'To talk with some people. And you? I thought you were in a hurry to repair that ritual?'

'I am, yet I find a more pressing priority.'

'And that is?'

'The need for a bath.'

****
Too bloated to fly, the vultures scattered with outraged cries, hopping and waddling with wings crooked, leaving the once-human feast exposed in their wake. Apsalar slowed her steps, not sure whether she wanted to continue walking down this main street, although the raucous chattering and bickering of feeding vultures sounded from the side avenues as well, leading her to suspect that no alternative route was possible.

The villagers had died suffering – there was no mercy in this plague, for it had carved a long, tortured path to Hood's Gate. Swollen glands, slowly closing the throat, making it impossible to eat solid food, and narrowing the air passages, making every breath drawn agony.

And, in the gut, gases distending the stomach. Blocked from any means of escape, they eventually burst the stomach lining, allowing the victim's own acids to devour them from within. These, alas, were the final stages of the disease. Before then, there was fever, so hot that brains were cooked in the skull, driving the person half-mad – a state from which, even were the disease somehow halted then and there – there was no recovery. Eyes wept mucus, ears bled, flesh grew gelatinous at the joints – this was the Mistress in all her sordid glory.

The two skeletal reptiles accompanying Apsalar had sprinted ahead, entertaining themselves by frightening the vultures and bursting through buzzing masses of flies. Now they scampered back, unmindful of the blackened, half-eaten corpses they clambered over.

'Not-Apsalar! You are too slow!'

'No, Telorast,' cried Curdle, 'not slow enough!'

'Yes, not slow enough! We like this village – we want to play!'

Leading her placid horse, Apsalar began picking her way down the street. A score of villagers had crawled out here for some unknown reason, perhaps in some last, pathetic attempt to escape what could not be escaped. They had died clawing and fighting each other. 'You are welcome to stay as long as you like,' she said to the two creatures.

'That cannot be,' Telorast said. 'We are your guardians, after all.

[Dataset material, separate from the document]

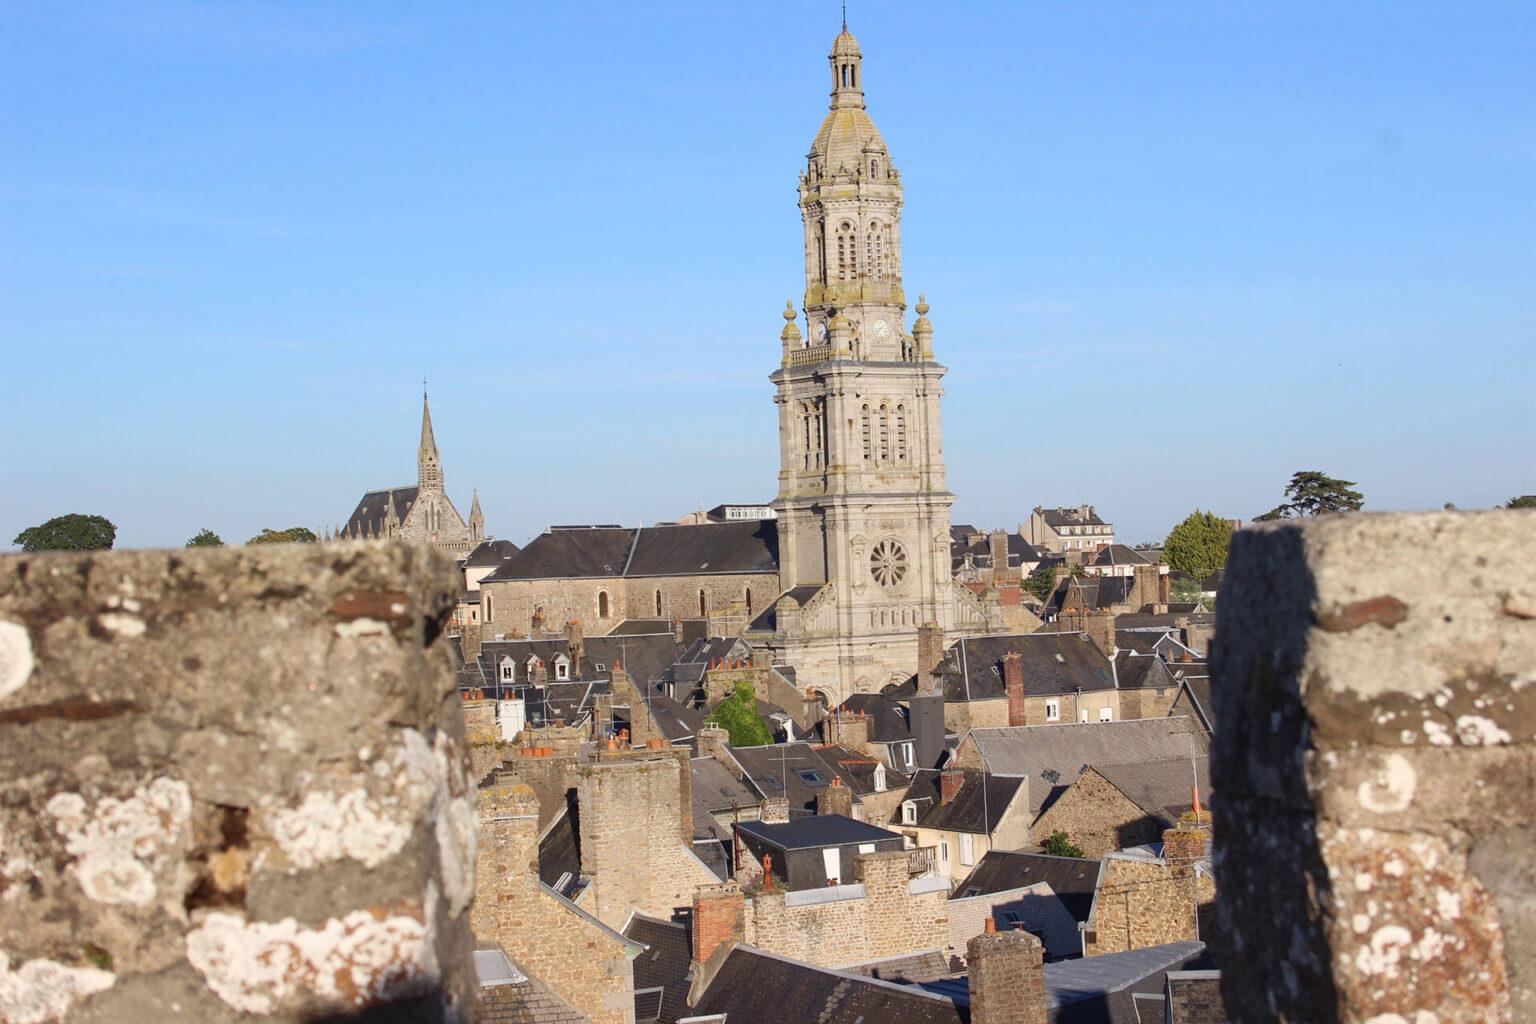 avranches gite - Les Cornillières - Location de Gite La Clef Decamp - Laclefdecamp.fr

Your sleepless, ever-vigilant sentinels. We shall stand guard over you no matter how diseased and disgusting you become.'

'And then we'll pick out your eyes!'

'Curdle! Don't tell her that!'

'Well, we'll wait until she's sleeping, of course. Thrashing in fever.'

'Exactly. She'll want us to by then, anyway.'

'I know, but we've walked through two villages now and she still isn't sick. I don't understand. All the other mortals are dead or dying, what makes her so special?'

'Chosen by the usurpers of Shadow – that's why she can just saunter through with her nose in the air. We may have to wait before we can pick out her eyes.'

Apsalar stepped past the heap of corpses. Just ahead, the village came to an abrupt end and beyond stood the charred remnants of three outlying buildings. A crow-haunted cemetery surmounted a nearby low hill where stood a lone guldindha tree. The black birds crowded the branches in sullen silence. A few makeshift platforms attested to some early efforts at ceremony to attend the dead, but clearly that had been short-lived. A dozen white goats stood in the tree's shade, watching Apsalar as she continued on down the road, flanked by the skeletons of Telorast and Curdle.

Something had happened, far to the north and west. No, she could be more precise than that. Y'Ghatan. There had been a battle… and the committing of a terrible crime. Y'Ghatan's lust for Malazan blood was legendary, and Apsalar feared that it had drunk deep once more.

In every land, there were places that saw battle again and again, an endless succession of slaughter, and more often than not such places held little strategic value in any greater scheme, or were ultimately indefensible. As if the very rocks and soil mocked every conqueror foolish enough to lay claim to them. Cotillion's thoughts, these. He had never been afraid to recognize futility, and the world's pleasure in defying human grandiosity.

She passed the last of the burned-out buildings, relieved to have left their stench behind – rotting bodies she was used to, but something of that charred reek slipped beneath her senses like a premonition. It was nearing dusk. Apsalar climbed back into the saddle and gathered up the reins.

She would attempt the warren of Shadow, even though she already knew it was too late – something had happened at Y'Ghatan; at the very least, she could look upon the wounds left behind and pick up the trail of the survivors. If any existed.